Owen Anderson wrote:
 Awesome.  Thanks for all the help.  I'm starting out by removing all 
 backend calls and replacing them with debug printf's so I can keep track 
 of what needs replacing.
 
 Question:  How does your GDC code still have these includes -
 
 #include    "cc.h"
 #include    "el.h"
 #include    "oper.h"
 #include    "global.h"
 #include    "code.h"
 #include    "type.h"
 #include    "dt.h"
 
 Mine complains about them not existing, so I assumed they were backend 
 headers.
 
 -Owen
 
 David Friedman wrote:
 
 There isn't a generic visitor interface.  Instead, there are several 
 methods with are responsible for emiting code/data and then calling 
 that method for child objects.  Start by implementing 
 Module::genobjfile and loop over the 'members' array, calling each 
 Dsymbol object's toObjFile method.  From there, you will need to 
 implement these methods:

 Dsymbol (and descendents) ::toObjFile -- Emits code and data for 
 objects that have generally have a symbol name and storage in memory. 
 Containers like ClassDeclaration also have a 'members' array with 
 child Dsymbols.  Most of these are descendents of the Declaration class.

 Statement (and descendents) ::toIR -- Emits instructions.  Usually, 
 you just call toObjFile, toIR, toElem, etc. on the statement's fields 
 and string  the results together in the IR.

 Expression (and descendents) ::toElem -- Returns a back end 
 representation of numeric constants, variable references, and 
 operations that expression trees are composed of.  This was very 
 simple for GCC because the back end already had the code to convert 
 expression trees to ordered instructions.  If LLVM doesn't do this, I 
 think you could generate the instructions here since LLVM has SSA.

 Type (and descendents) ::toCtype -- Returns the back end 
 representation of the type.  Note that a lot of classes don't override 
 this -- you just need to do a switch on the 'ty' field in Type::toCtype.
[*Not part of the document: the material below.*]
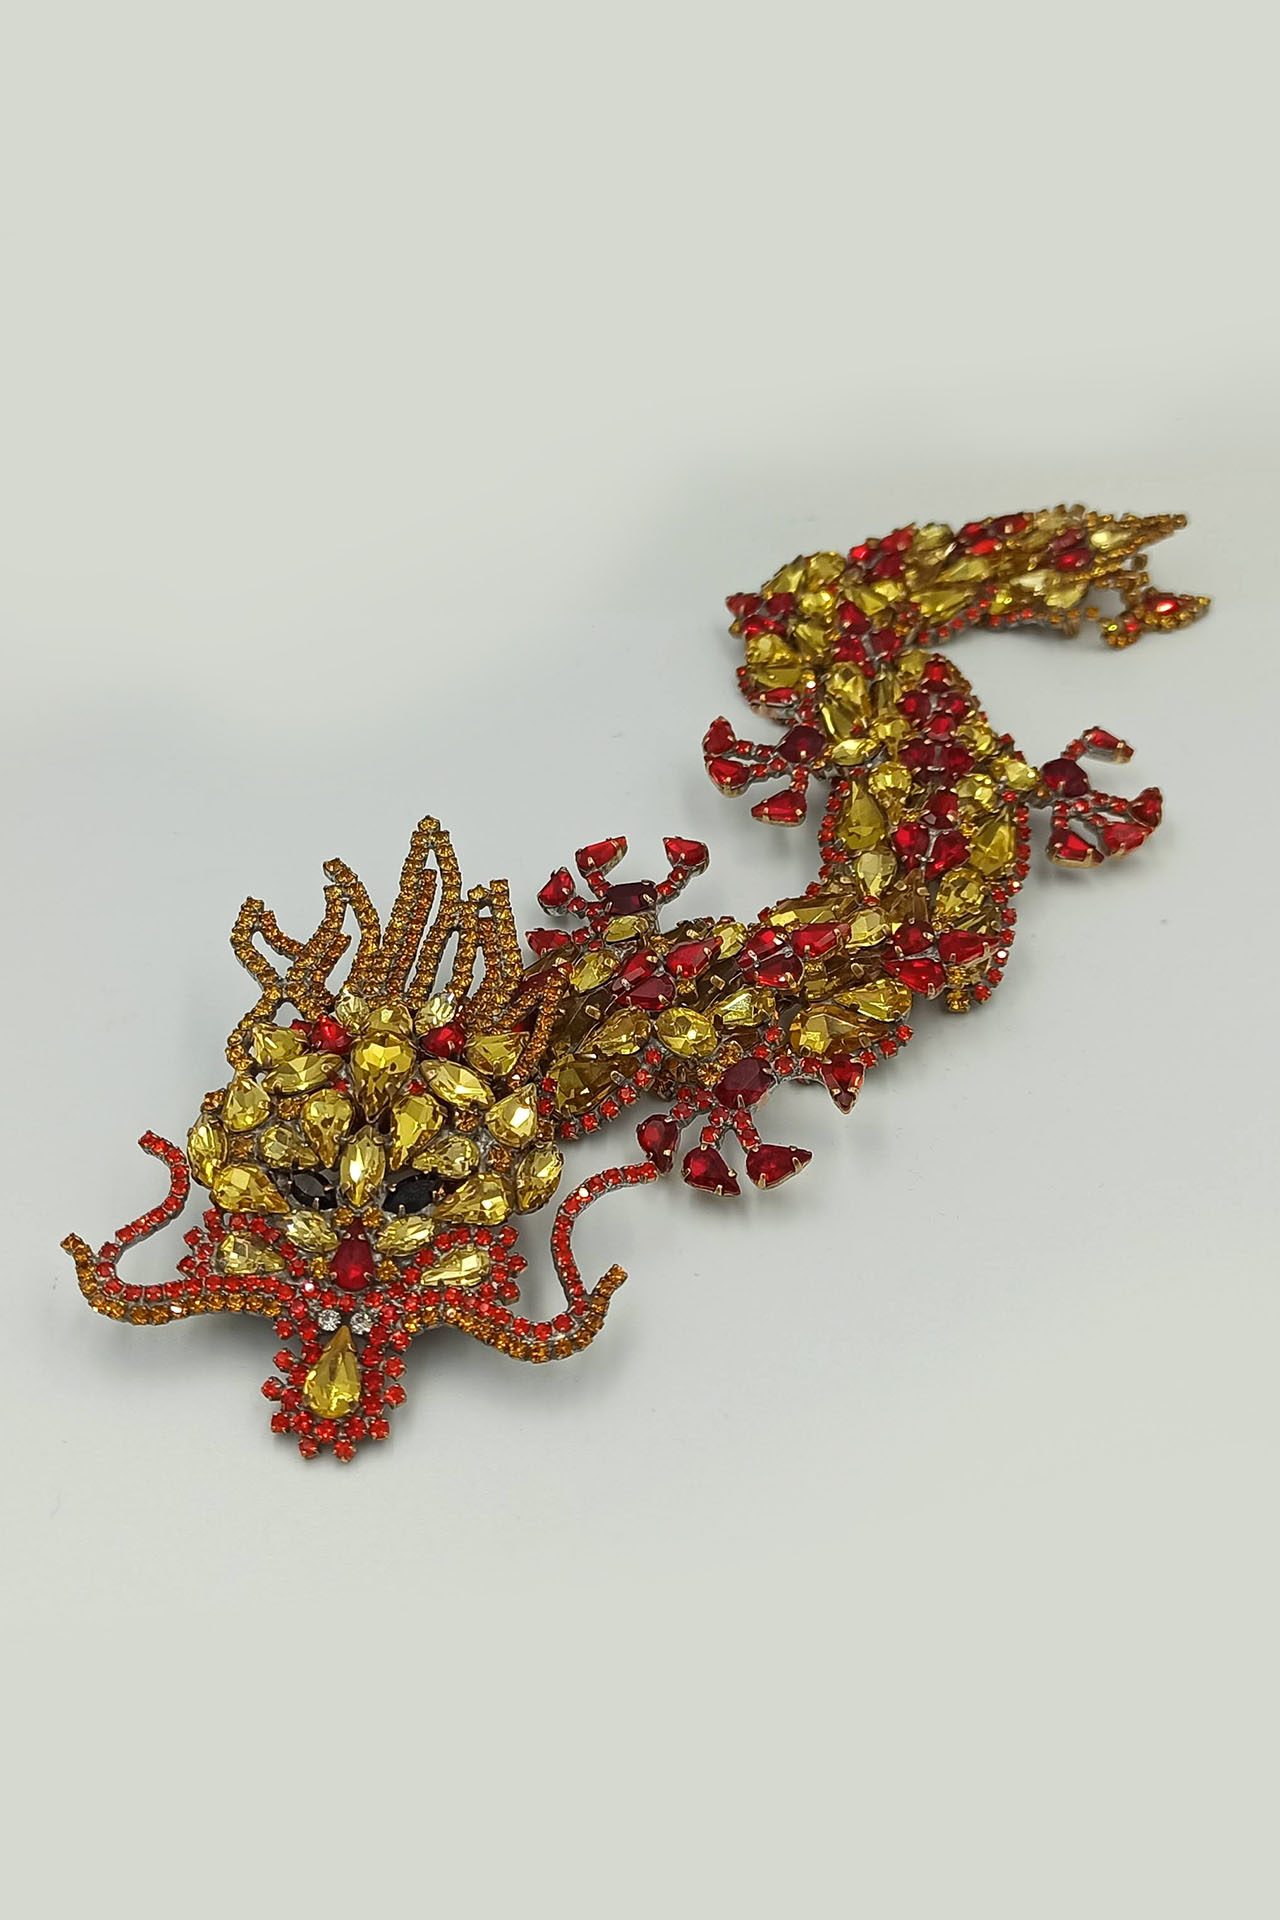 Handmade rhinestone brooch with a yellow Chinese dragon
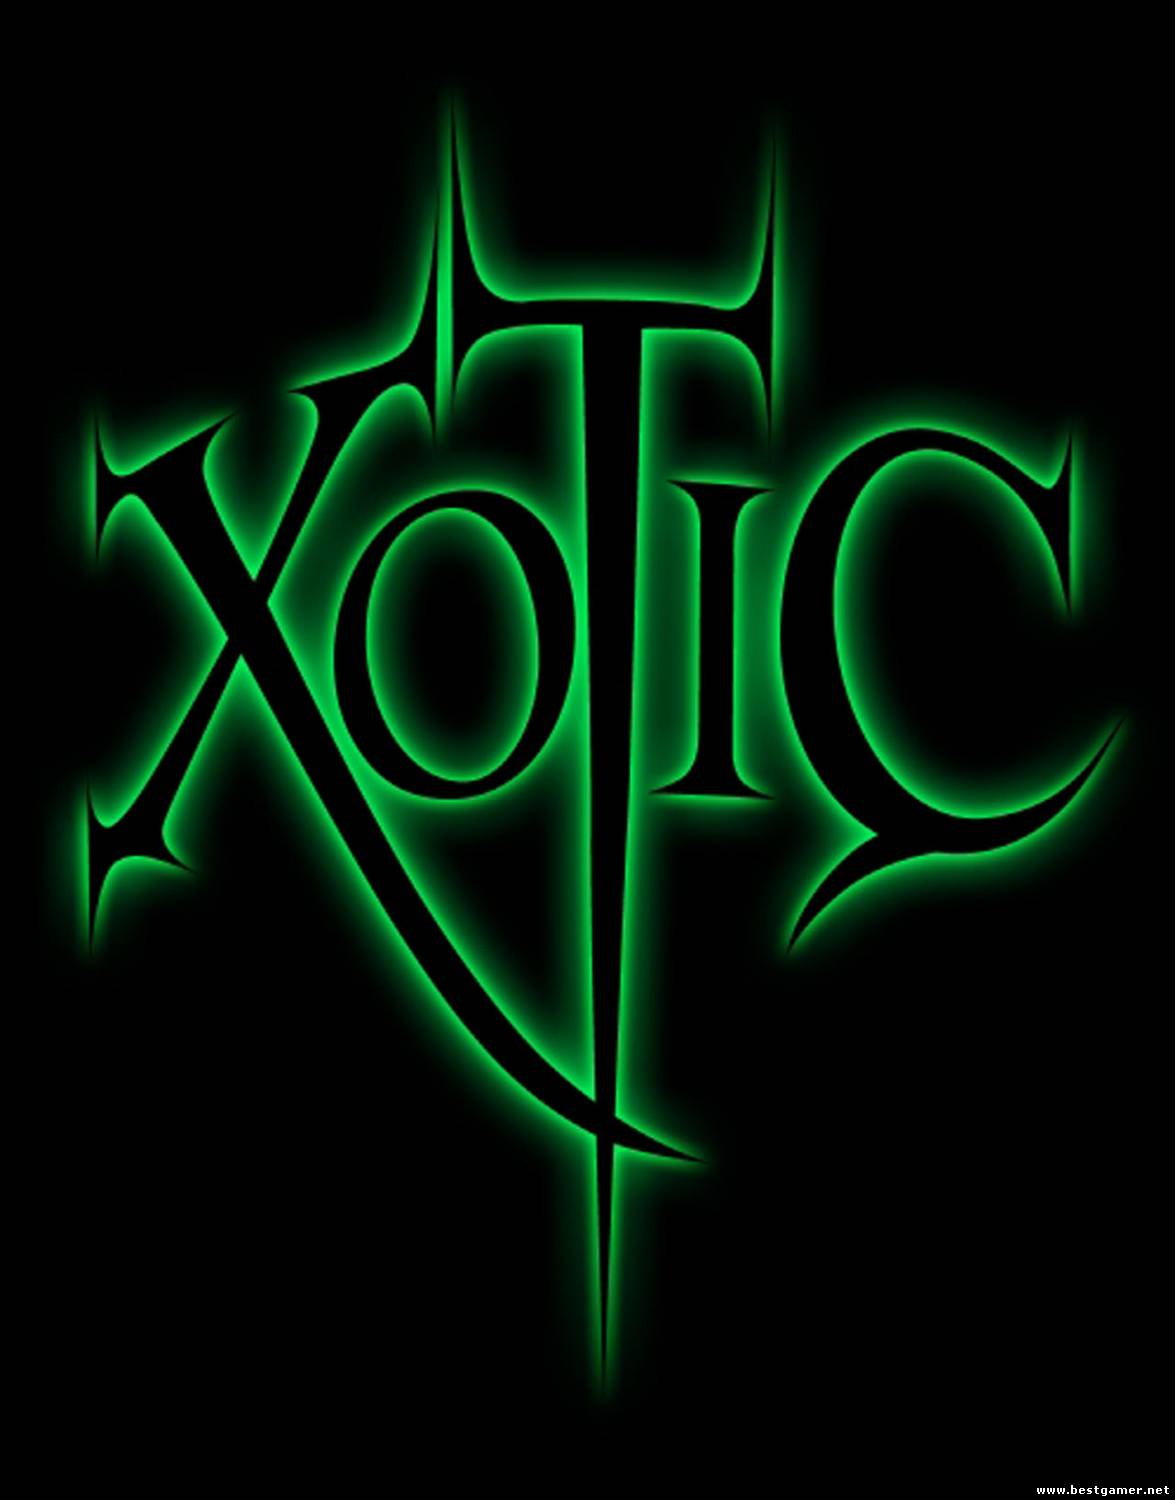 Xotic [RePack] [ENG] (2011)

 Dsymbol (and descendents) ::toSymbol -- returns the back end reference 
 to the object.  For example, FuncDeclaration::toSymbol could return a 
 llvm::Function. These are already implemented in tocsym.c, but you 
 will probably rewrite them to create LLVM objects.

 David


 resistor AT mac DOT com wrote:

 I've been looking at trying to hook the DMD frontend up to LLVM 
 (www.llvm.org),
 but I've been having some trouble.  The LLVM IR (Intermediate 
 Representation) is very well
 documented, but I'm having a rough time figuring out how DMD holds 
 its IR.  Since at least three people
 (David, Ben, and Walter) seem to have understand, I thought I'd ask 
 for guidance.

 What's the best way to traverse the DMD IR once I've run the three 
 semantic
 phases?  As far as I can tell it's all held in the SymbolTable as a 
 bunch of Symbols.  Is there a good way to
 traverse that and reconstruct it into another IR?